Back in the saddle

We got back from Nashville at 2:00 am yesterday morning. It’s not always fun to drive that late at night, but it’s best for Clark. We had a great time in Nashville. We squeezed alot into a week, but had plenty of time to relax and get reenergized. It’s amazing what a few days off can do. I don’t want to bore you with our itinerary, but some of the hightlights: Marshal County High School 10 year reunion with the class of ’95 (that was fun. . . got to meet a few folks who check out Supermetz blog every once in awhile . . . let’s summarize by drunk guy without his shirt on and shaking a naked butt), staying with good friends, visiting West End, and attending the ZOE leadership conference. A little bit of everything. Clark did great, especially considering he stayed in three different places over the course of five days. Thanks to all who allowed the Metzes to crash your pad (Harrises and Wilhelms – the in-laws have to let us crash . . . we hold their grandson ransom).

I did get a chance to finish Hauerwas and Willimon’s book Resident Aliens (well I still have eight pages to read that I will finish when I am done with this post.) Really good book and timely too. Much of what it says was reflected in our leadership discussions at zoe. The leadership conference helped me see that there is alot of great things happening within churches of my heritage. I often only see the infighting and debates that frustrate me, but there are some innovative and out-of-the-box churches out there reaching postmoderns which is exciting. It was good to see a worship assembly that could be blended with acapella, instrumental, ancient, future, gender-neutral, and stylistically eclectic. The conference exemplified a deep-running racism and classism that continues to pervade American Protestantism, especially Churches of Christ.

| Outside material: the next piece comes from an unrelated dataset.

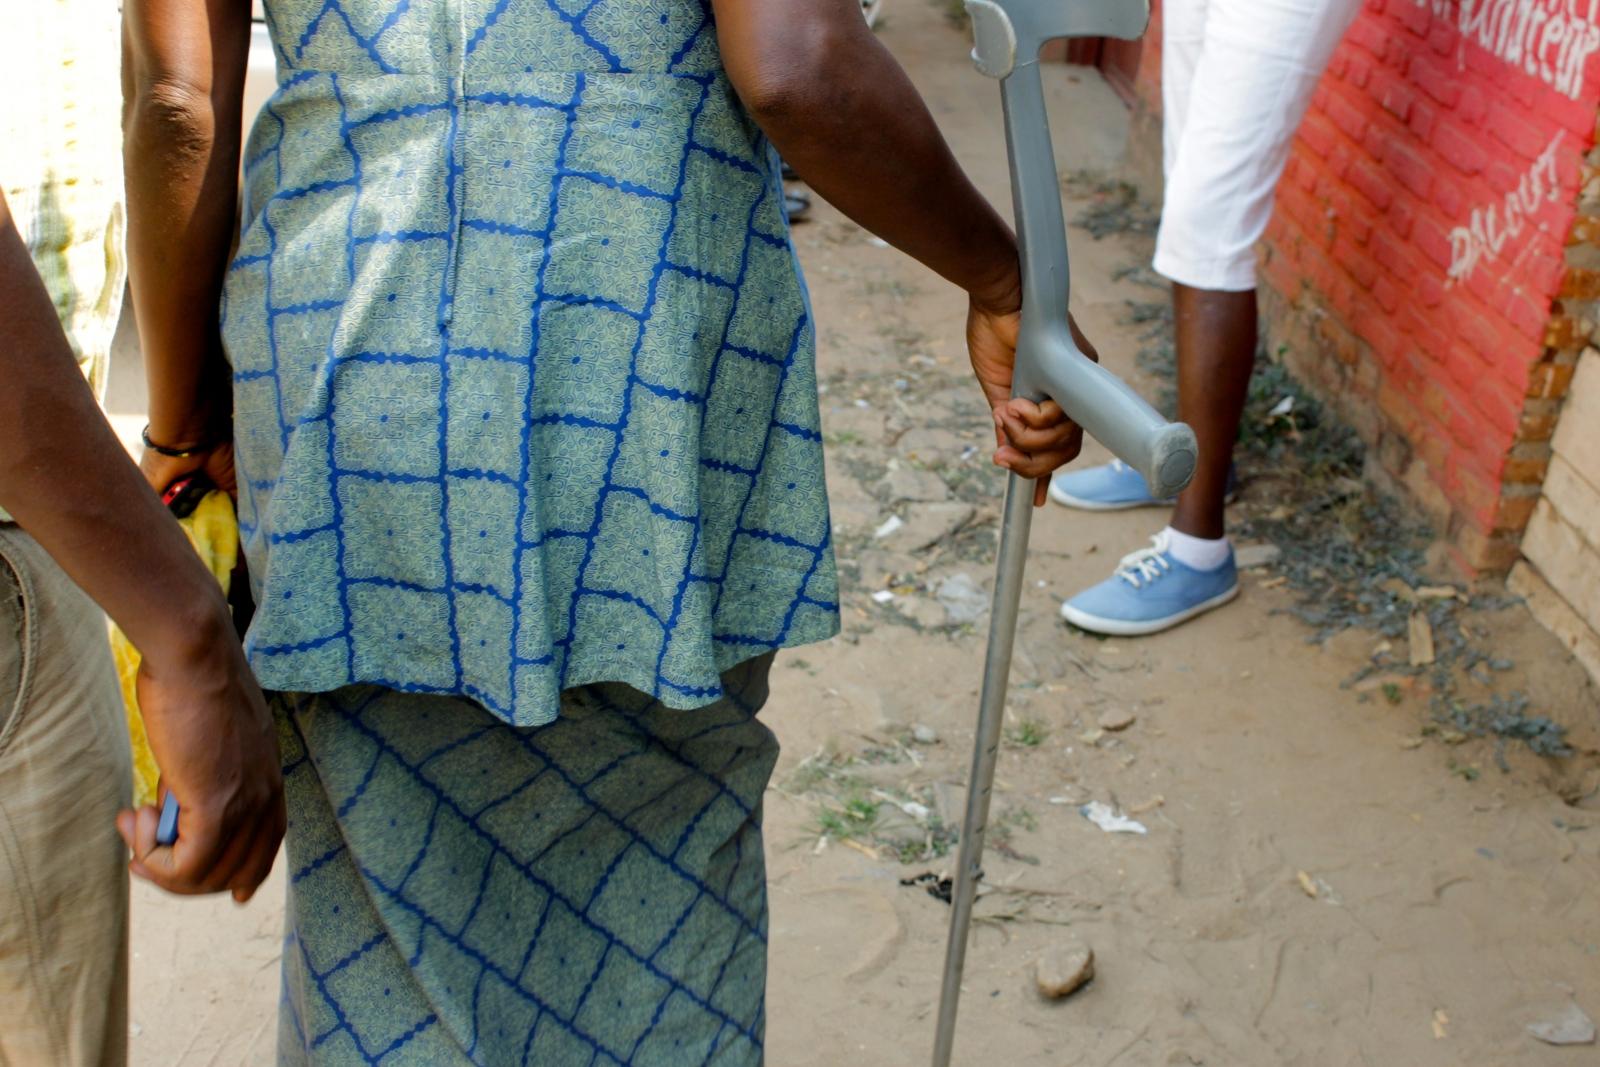 Burundi torture

Some thoughts spurned . . .
– This new “worship movement” within Churches of Christ that focuses on innovative worship styles utilizing ancient practices and a mixed bag of everything else is appealing to me, but I began questiong whether or not this was simply another version of the “self-pleasing” tendency that has plagued modern worship movements. How appealing are newer-old practices cross-culturally? Are we spending more time thinking of creative new ways for our own tribe to worship while neglecting those outside of the family of God?

– Gender equality was the aspect of the conference that Mary Beth and I both were most excited to see. Living and breathing in churches that have squelched women’s rights and continue to fail to see gender equality is a struggle for us both (though I cannot claim to have the same struggle as she feels). Allowing women duties in public worship assemblies makes sense to me. Women read publicly, sang within the praise team, read scripture, prayed, and co-led discussion in groups and one most-impressively, led worship by signing for the deaf. Her interpretive dance was one of the most moving expressions of worship I have experienced. I have moved beyond old arguments regarding this discussion and find myself at a loss for engaging those from the other side in discussions. Their arguments make little sense to me and I am sure what I say confuses rather than helps. I pray for our church and I pray for my wife and other women who have been suppressed and refused power and leadership roles simply because of gender. I don’t write often of this topic because it is so frustrating to me I often end in a rant that isn’t helpful or well-spoken . . . so here is my rant. Churches of Christ have played church for the past forty years and so have great difficulty in overcoming the rules of the game. We have made the public assembly something it was never intended to be. We have refused creative and able bodies public service to their lord because of comfort and tradition (and, more cynically, because it requires others – men, to give up power). I am tired of coming away from these events and making this one of the main foci, because it wasn’t meant to be, however, coming to where we are brings it to the surface.

OK, the rant has ended. It was a good time to make me think and consider all that is available to Christianity in the grand scheme of Christian tradition. Often times I feel isolated here in Columbus as the ministers in my circles are thoroughtly modern. They don’t see where I am coming from. I don’t undertand them. I try to get people to see where I am coming from and often get blank looks. This weekend brought it home. There are plenty out there who think as I do. I am not alone. The time is coming. We are on the cusp of some amazingly widespread changes.

Would that God would just come and restore the kingdom of heaven and bring the glory of his resurrection now . . . then none of this matters!